Start of Supplied information
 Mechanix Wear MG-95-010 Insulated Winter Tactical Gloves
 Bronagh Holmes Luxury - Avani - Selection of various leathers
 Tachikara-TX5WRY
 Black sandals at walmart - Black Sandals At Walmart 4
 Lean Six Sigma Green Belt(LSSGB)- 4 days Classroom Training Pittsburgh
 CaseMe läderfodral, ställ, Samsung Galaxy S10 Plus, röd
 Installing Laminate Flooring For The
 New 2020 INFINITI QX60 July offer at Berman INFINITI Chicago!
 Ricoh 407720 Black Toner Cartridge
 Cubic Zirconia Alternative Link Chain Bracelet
End of Supplied information
How many of the lines above include the word "Black"? State that number and nothing else.

*Response to this task:*
2